Mariana Torres-Montoya is pursuing a Masters in City and Regional Planning at UC Berkeley.   She is interning with Grupo Alto through Endeavor’s eMBA Program.

“I created, in collaboration with other entrepreneurs, the Association of Chilean Entrepreneurs (ASECH). Today we are 1,000 entrepreneurs. I am sure we can reach 100,000 by 2014.” These were the words of Endeavor Entrepreneur Jorge Nazer, the brain behind Grupo Alto and one of the leading entrepreneurs in Chile, as we walked toward the first annual meeting of ASECH. The drive and ambition reflected in his comment is the same one that envelops Grupo Alto, a company dedicated to the protection of organizations’ assets from fraud and robbery through an integrated model focused on education, dissuasion, and legal action. Jorge and his team have taken Alto from a small, provincial business to a holding of five companies that, combined, make the Alto model robust and replicable abroad. The company now has a presence in Colombia and Mexico in addition to its Chilean headquarters. As the company evolves and shapes its identity, it continues to innovate by creating new products and entering to new markets in order to stay relevant. The Santiago office is a young crowd, all entrepreneurs in their own way, and the sense of contentment and camaraderie amongst them is truly unique. It’s no surprise that Grupo Alto was voted one of the best places to work in Chile last year.

As an eMBA intern, I came to Alto to help Jorge realize his next ambitious goal: breaking into the public transport market as the leading company to help bus operators reduce Transantiago’s high level of fare evasion. During my time at Alto I have been absorbing as much as possible of the enthusiasm and entrepreneurial skills that Jorge and his team display while informing the project with my knowledge of the transportation sector. The project is not short on challenges. On one hand, there is the complex nature of a highly regulated business whose success hinges on the government and a series of other actors doing their part. On the other hand, the project involves changing the mindset of a population deeply scarred by an inefficient, expensive, and slow-to-improve public transportation service. This past week, we made our pitch to a couple potential clients as we continue to strengthen our value proposition.
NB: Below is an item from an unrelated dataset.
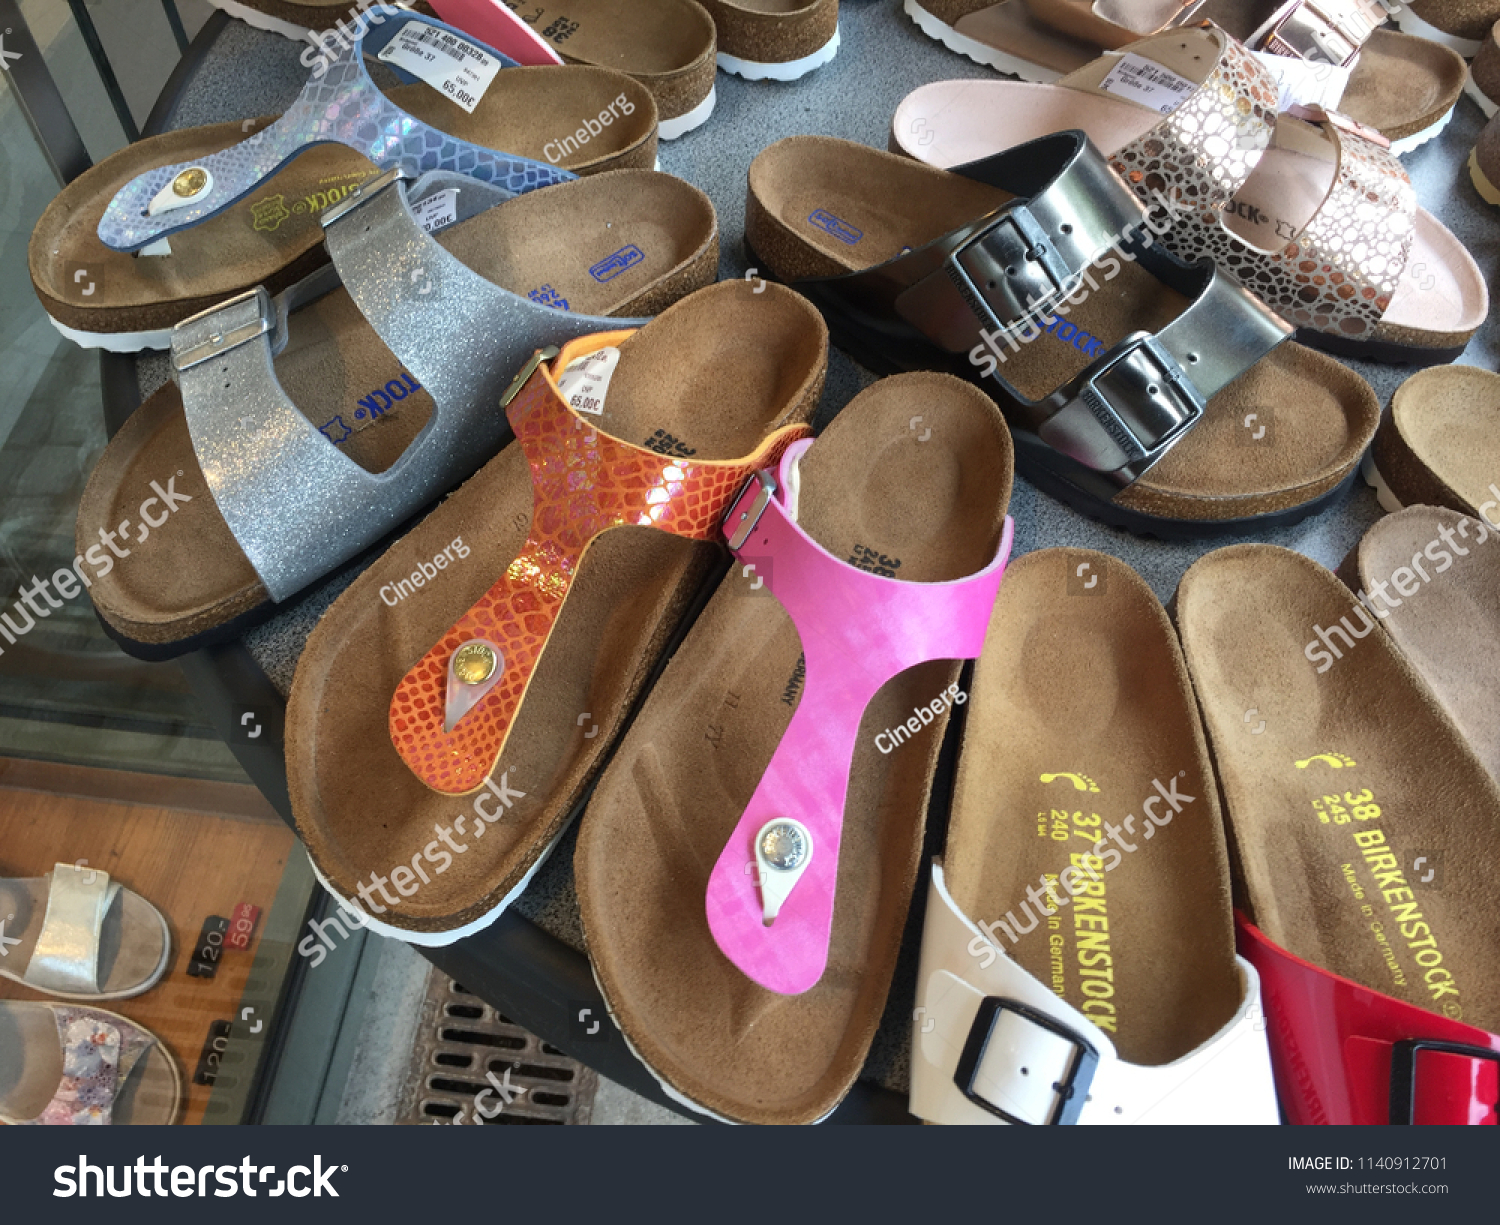 shoe stores that sell birkenstocks
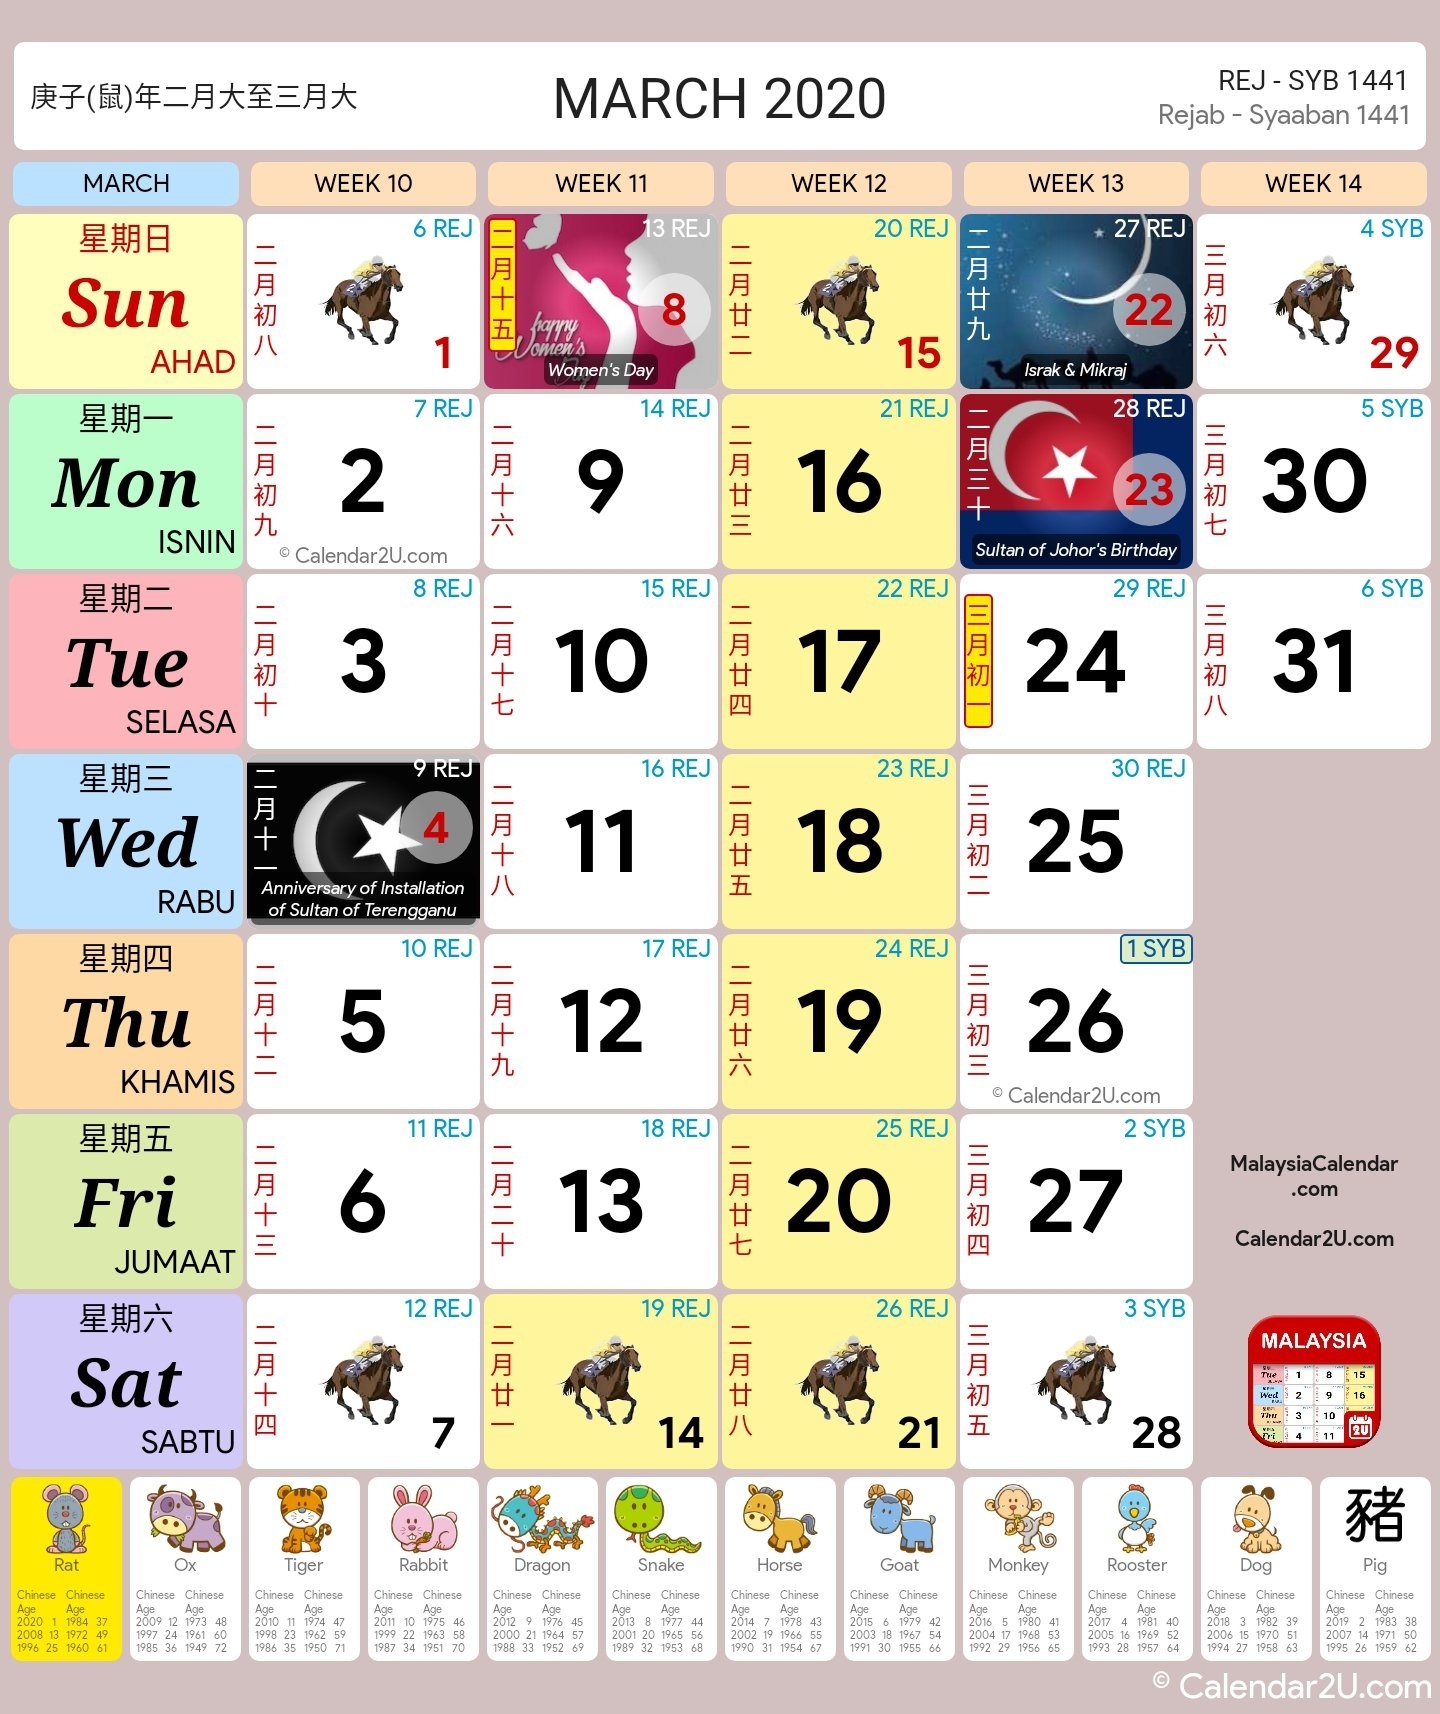 Malaysia Calendar Year 2020 (School Holiday) - Malaysia Calendar Impressive Malaysian School Holiday Calendar Template 2020

Chile has far exceeded my expectations, offering the best of the developed world and the warmth and joy of the Latin American character. I am constantly amazed by Santiago’s high-frequency metro system, its automated urban highway tolls, and its sophisticated retail sector. The city enjoys a level of safety unknown to its Latin American peers and provides great pockets of culture and open space. In a very interesting way, Santiago feels like a small town despite its respectable size. My new set of Chilean friends inside and outside Alto are proof of Chileans´ friendliness and their interest in showing foreigners a good time in their country. The nonstop nightlife entertainment in Santiago, be it after-office parties in hidden parking lots or the famous “asados” at friends’ places, demonstrates just how much Chileans like to enjoy themselves. Of course, I am constantly aware that I am seeing just one side of the city. There is much work to be done to lessen the city’s income disparities, a problem which plagues all Latin American metropolises, and improve the quality of life of the majority of its residents.  Through their commitment to innovation, progress and social responsibility, I am confident that Grupo Alto and the rest of Chile’s entrepreneurial community will be invaluable contributors to the sustained development of this beautiful country.